The Sola Scriptura Fallacy

There is a teaching practiced by many protestants called sola scriptura. This is where only scripture (only books of scripture in the protestant main canon, ignoring the apocrypha) is allowed to contribute to doctrines that pertain to eternal life. It has a problem of being what is called self-referentially incoherent which is to say that it in itself does not come from scripture. However it is widely practiced such that many protestants will not accept doctrines important to eternal life unless they come from scriptures in their canon of scripture. Yet when it comes to understanding certain scriptures this causes a dead-lock because there are scriptures which cannot be understood correctly without sources outside the protestant canon. One example is the Nephilim of Genesis 6 and other books of Moses. Here is where you need to go outside of protestant canon books to find out who were the sons of God from whom descended the giants, the Nephilim.

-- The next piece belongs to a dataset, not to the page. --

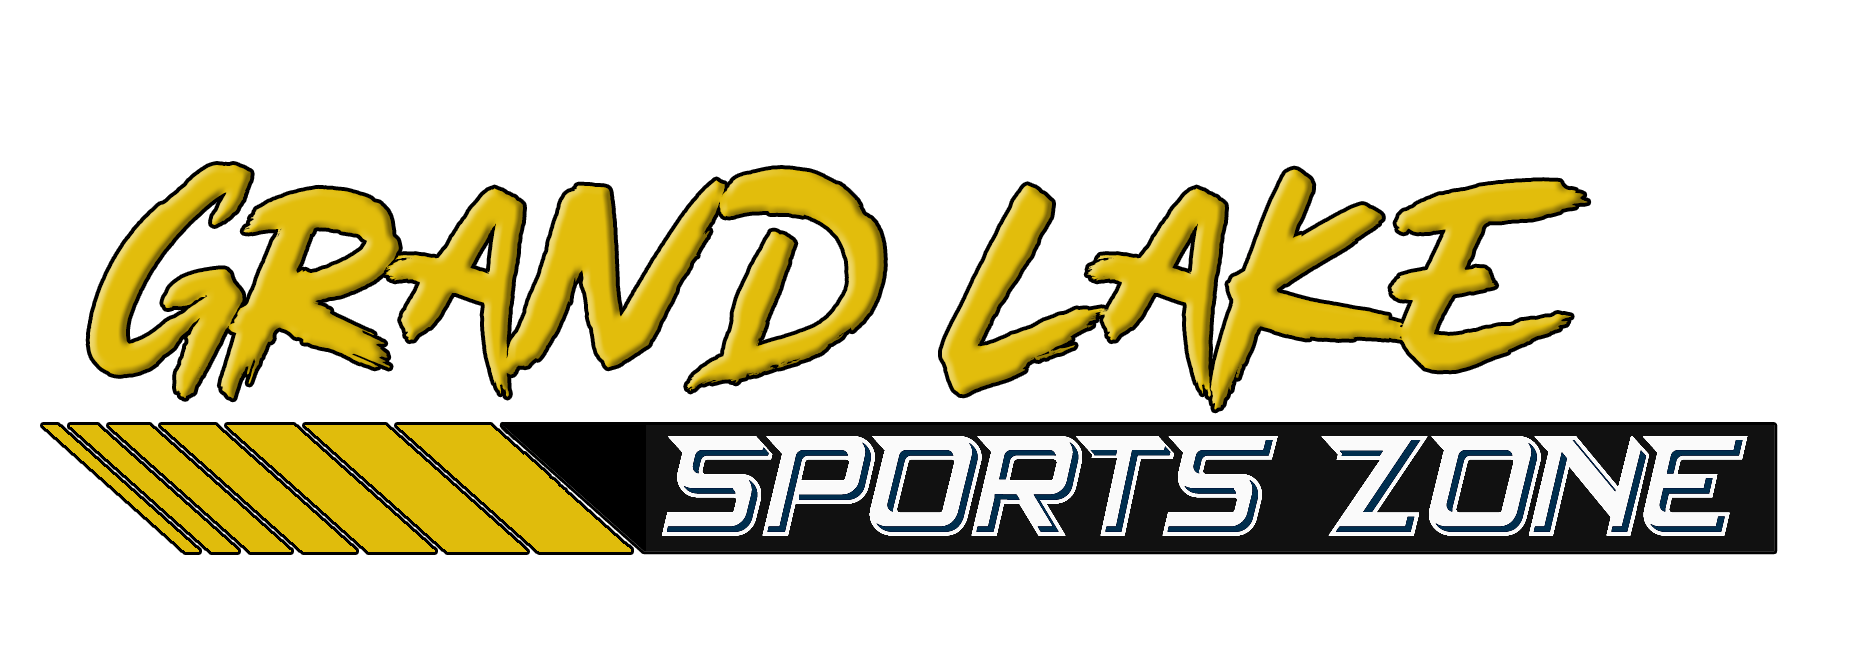 Grand Lakes Sports Zone

The Nephilim are also called sons of Anak or Anakim in canonised scripture of the Hebrew Bible. Understanding what that means requires a trip into Sumerian literature and the Book of Enoch. The Sumerians from whom Noah descended, and Noah’s own descendants, they were taught by Noah and Enoch to call the top angels “sons of God” or Anunnaki in their language. So when they were then told that the giants who terrorised the world centuries before the Flood were offspring of these Anunnaki the term sons of sons of God might have been coined and maybe the term “sons of Anak” or Anakim later used came into Hebrew from the Sumerian and Akkadian for sons of the Anunnaki (sons of sons of God).